The rest of the day is uncertain, but it tends to be spent walking. He has a rule not to go to the same café twice, or to buy his cigarettes from the same corner shop, in order to avoid building any sense of familiarity: he has the vague impression he is going to miss this life, which isn’t the life he’s dreamed of but is a good life nonetheless; it is a beneficial, restorative time. But all of that changes the afternoon he discovers that the cat has disappeared. It’s been at least two days since he’s seen Mississippi, and the bowl of food is untouched. He asks around with the neighbors: no one knows anything.

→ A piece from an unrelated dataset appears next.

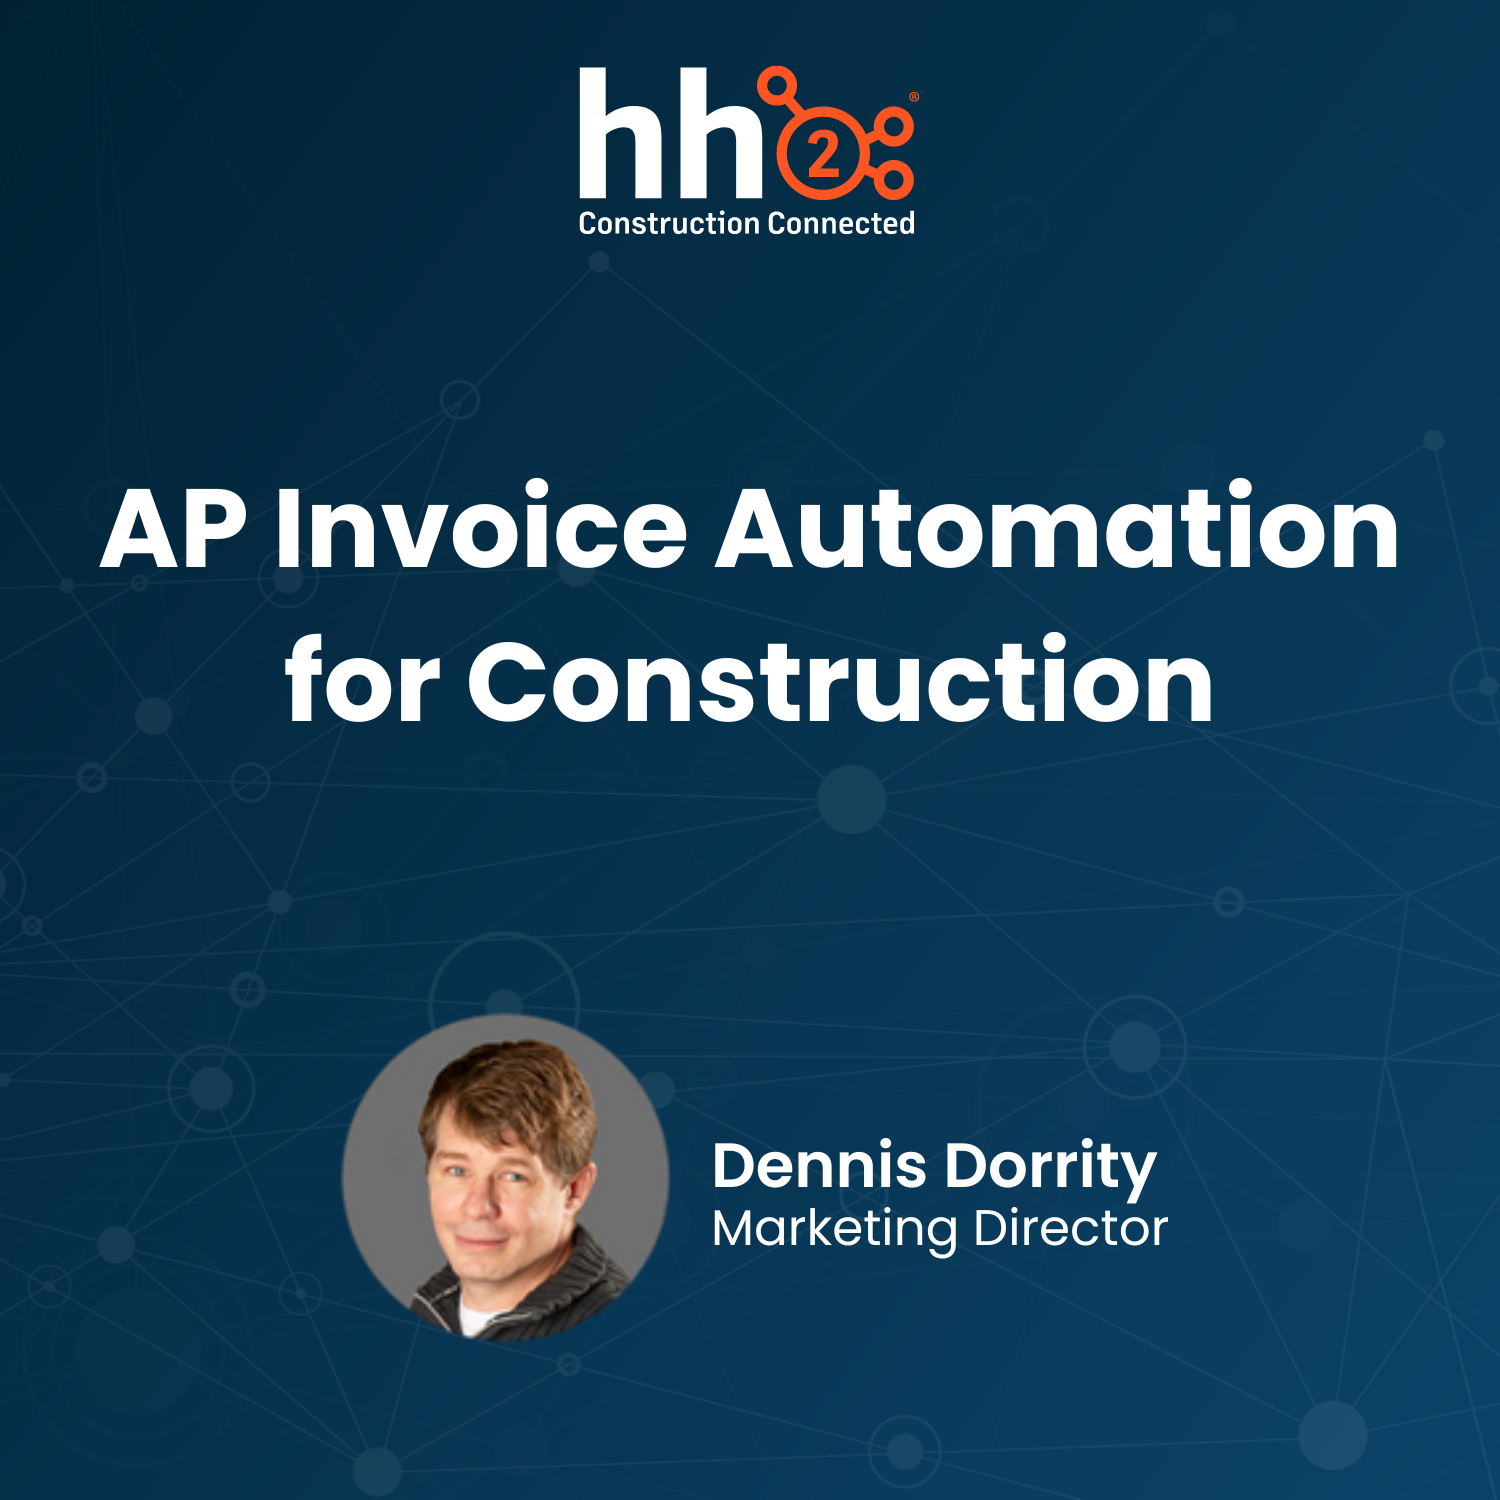 AP Invoice Automation for Construction Webinar

He spends several hours desperate, frozen stiff, not knowing what to do. In the end he decides to make a flyer. He searches on the computer erratically, incoherently, for a photo of Mississippi, but he finds nothing; before leaving, Bruno cleared all personal files from the hard drive. Anxiously, he ransacks the entire house, taking a certain pleasure in the disarray, the chaos he is sowing. He searches carelessly through trunks, bags, and boxes, dozens of books, flipping frenetically through the pages, or shaking them with something like rage. He finds a little red suitcase hidden in the wardrobe of the study. Instead of money or jewelry it holds hundreds of family photos, some of them framed and others loose, some with dates on the back of them and even some short, loving messages. He likes one photo in particular, a large one in which Consuelo poses, blushing, with her mouth open. He takes a diploma Sofí received from a swimming course out of its frame and replaces it with the photo of Consuelo, and then he hangs it on the main wall of the living room. He thinks that he could spend hours stroking that straight, black, shining hair. Since he can’t find any photos of Mississippi, he searches online for images of gray cats and chooses one at random. He writes a brief message, prints some forty copies, and puts them up on lampposts and trees all along the street.